Hallo alle Zusammen,

Da ich neu hier bin möchte ich mich in ein paar Worten vorstellen.
Ich bin Thomas, 20 Jahre alt und bin momentan Azubi als Elektroniker Automatisierungstechniker in einer Automobilzuliefererfirma.

Hobbymäßig setzte ich mich auch mit der Elektrotechnik auseinander.
Nun habe ich folgende Frage,

Kann man so ein Display, an einer Beckhoff anschließen und betreiben?

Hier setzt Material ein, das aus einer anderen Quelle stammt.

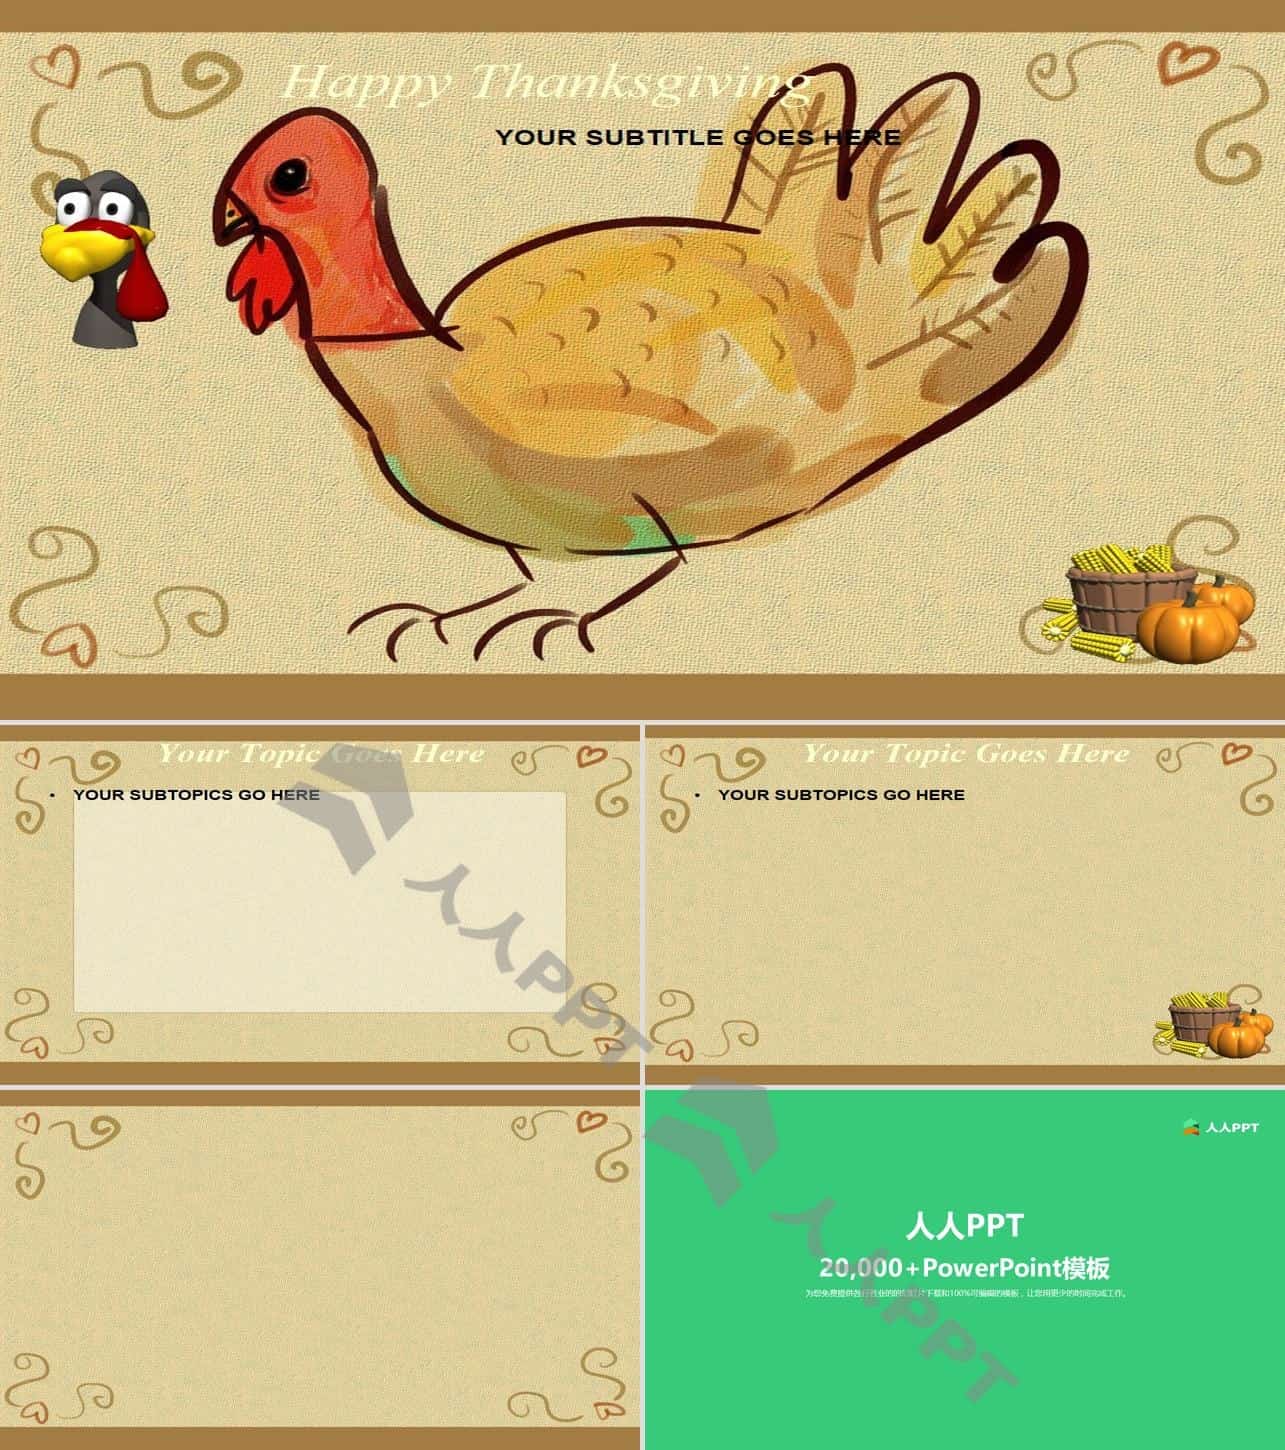 Happy Thanksgiving火鸡主题感恩节PPT模板长图

http://www.pollin.de/shop/dt/NTE0OTc4OTk-/Bauelemente/Aktiv/Displays/LCD_Datavision_DG_12232.html

MfG

Thomas


----------



## Christian_EWW (19 April 2010)

Hallo Thomas.

Jain, grundsätzlich ist es möglich ein derartiges Display an einer Beckhoff SPS zu betreiben, die KL2124 wäre dafür geeignet.
Aber du wirst nur eine sehr langsame Ansteuerung des Displays erreichen, da du mit jeden SPS- Zyklus nur ein Byte ans Display schicken kannst und der SED Kontroller einiges an Daten benötigt um was anzuzeigen, ausserdem wird die Software auch nicht ohne.
Wenn du ein Display anschliessen willst und der Aufwand halbwegs in Grenzen gehalten werden soll, dann würde ich ein reines Text Display verwenden, die lassen sich leichter Steuern und haben den Zeichensatz schon integriert, du brauchst dann nur mehr sagen, welches Zeichen es wo anzeigen soll.
Einen schnellen Seitenaufbau erreichst du damit aber immer noch nicht, dazu würde ich die Daten der SPS mittels serieller Schnittstelle an einen Mikrokontroller schicken, der das Display ansteuert oder ein Display mit serieller Schnittstelle verwenden (ist aber teurer).

Christian


----------



## Tho-Gra (19 April 2010)

Gibt es hier ein Thread wo das einer bereits mit so einem Display gemacht haben? Ein Textdisplay würde mit reichen aber ich wüsste nicht wie ich was machen müsste :-( würde mich über jede Hilfe freuen 

Thomas


----------



## Christian_EWW (19 April 2010)

Hallo Thomas.

Grundsätzlich wird man eine Schrittfolge programmieren müssen, in der die einzelnen Befehle nach und nach an das Display gesendet werden.
Je nach Anzeigewunsch muß dann die Schrittkette angepasst werden, damit die richtigen Befehle gesendet werden.
Hier mal ein paar Links zu Infos über den Kontroller (der oder Kompatible sind in fast allen Textdisplays zu finden):
http://www.mikrocontroller.net/articles/HD44780
http://de.wikipedia.org/wiki/HD44780
http://pdf1.alldatasheet.com/datasheet-pdf/view/63673/HITACHI/HD44780.html

Da wartet viel Arbeit auf dich.

Christian


----------



## Blockmove (19 April 2010)

Hallo thomas,

theoretisch geht es. Da es aber ein vollgrafisches Display ohne grosse eigene Intelligenz ist, musst du z.B. eigene Zeichensätze definieren.
Alles in allem eine sehr aufwendige Geschichte.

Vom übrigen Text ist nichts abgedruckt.